In experiments the team introduced two bimanual tasks—zip tie insertion and Velcro fastening—both of which demand tactile perception to align and manipulate objects correctly. The robot adapted its manipulation sequences in response to tactile feedback, enabling it to complete texture-related tasks that camera-only methods could not. Quantitatively, their method delivered roughly an 11.0% relative improvement over a state-of-the-art tactile baseline.

By combining multiple sensory inputs into a single control policy, TactileAloha enables more flexible, responsive motions and improves success on tasks that need touch-sensitive judgment.
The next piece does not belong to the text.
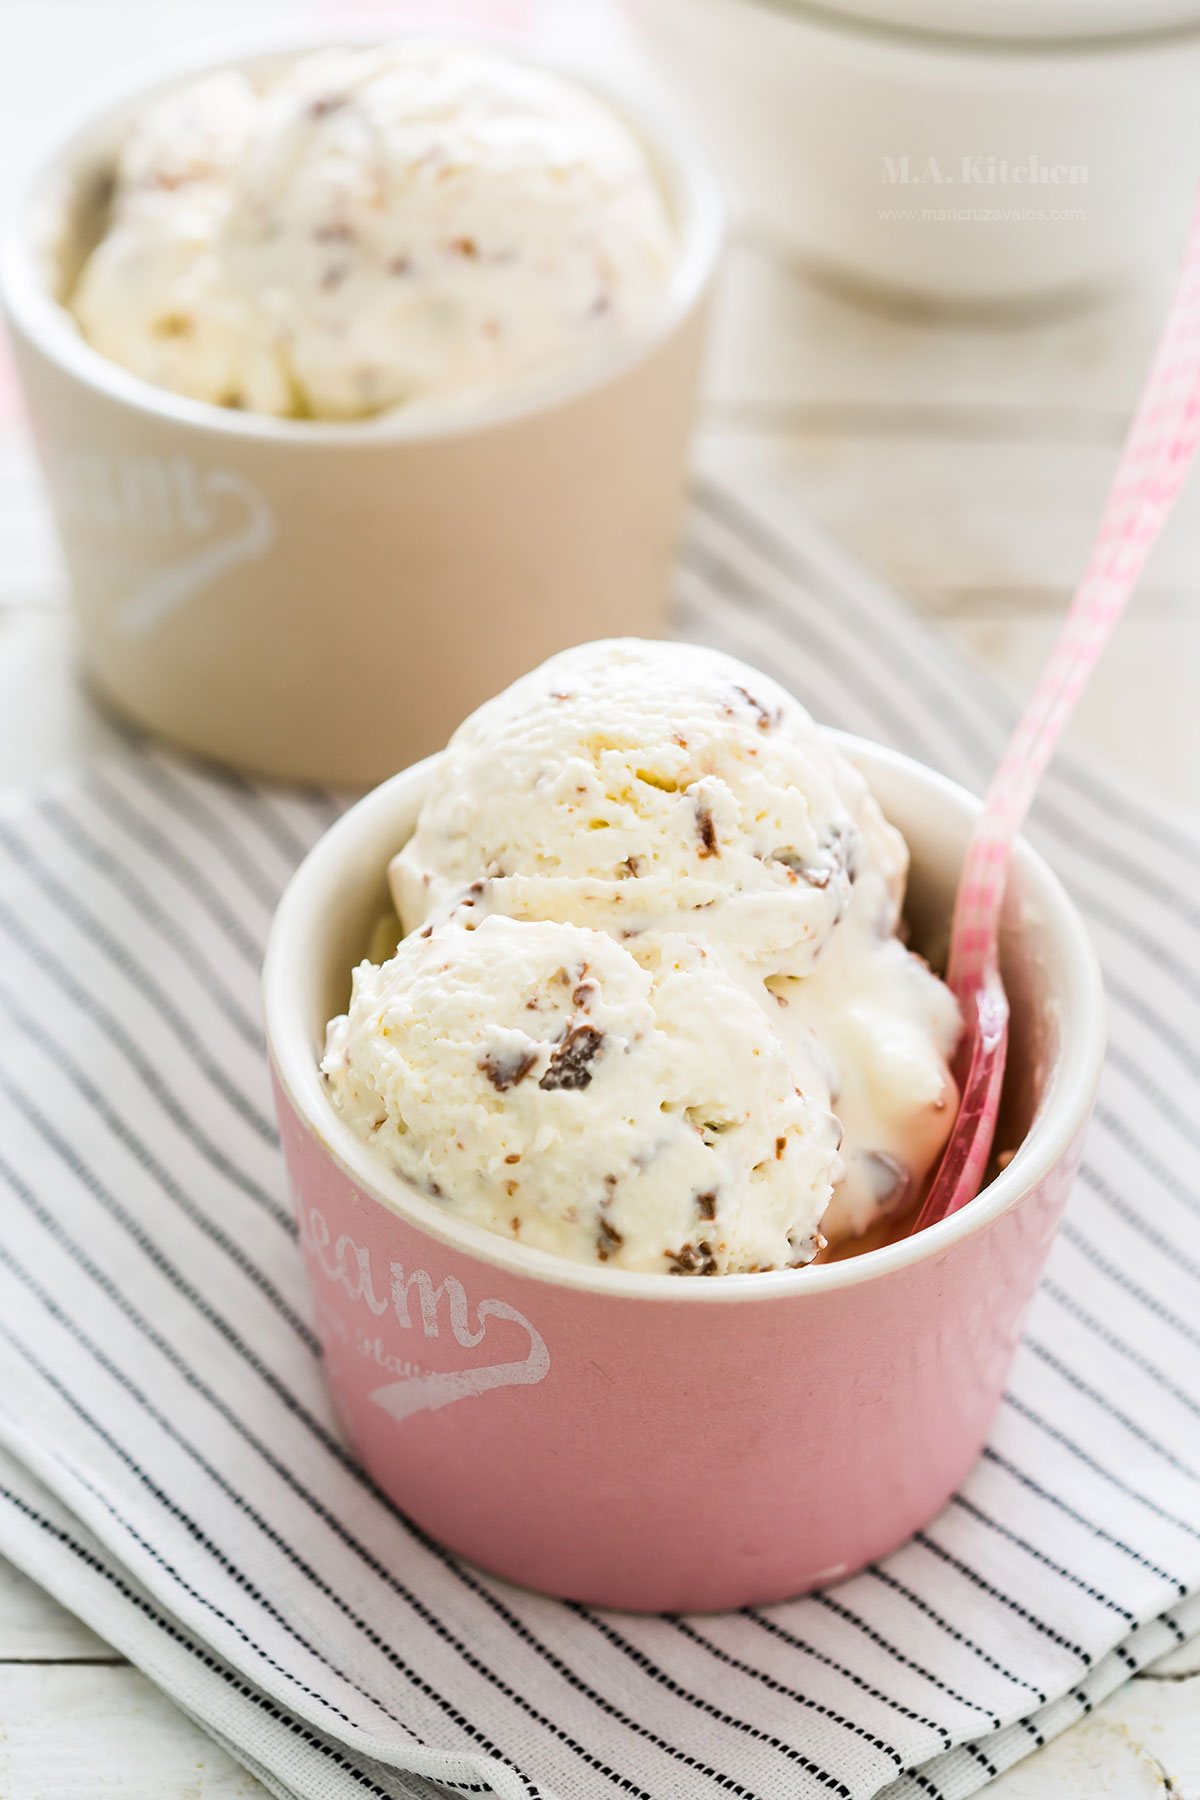 Stracciatella gelato ice cream served in two cups.

These capabilities open the door to many practical uses, from routine domestic chores to delicate handling in industrial and caregiving contexts.

The research team includes members from Tohoku University’s Graduate School of Engineering, the Centre for Transformative Garment Production at Hong Kong Science Park, and the University of Hong Kong.

About this AI and robotics research news

Author: Public Relations
Source: Tohoku University
Contact: Public Relations, Tohoku University
Image: Image credit: Neuroscience News

Original Research: Open access. “TactileAloha: Learning Bimanual Manipulation with Tactile Sensing” by Mitsuhiro Hayashibe et al., IEEE Robotics and Automation Letters.

Abstract

TactileAloha: Learning Bimanual Manipulation with Tactile Sensing

Tactile texture is critical for many manipulation tasks but is difficult to observe reliably with cameras alone. To address this, we present TactileAloha: an integrated tactile-vision robotic system based on the ALOHA teleoperation platform. A gripper-mounted tactile sensor captures fine-grained contact information and supports real-time visualization during teleoperation to facilitate efficient data collection.

We encode tactile signals using a pre-trained ResNet and fuse them with visual and proprioceptive features. A transformer-based policy with action chunking processes the combined observations to predict future actions. Training uses a weighted loss that emphasizes near-future actions, and deployment employs an improved temporal aggregation scheme to increase action accuracy.

We evaluate on two bimanual tasks—zip tie insertion and Velcro fastening—both of which require perceiving texture and aligning object orientations using two hands. Our method systematically adapts generated manipulation sequences in response to tactile sensing. Results demonstrate that incorporating tactile information enables successful handling of texture-related tasks that vision-only methods cannot address and yields an average relative performance improvement of approximately 11.0% over a state-of-the-art tactile baseline.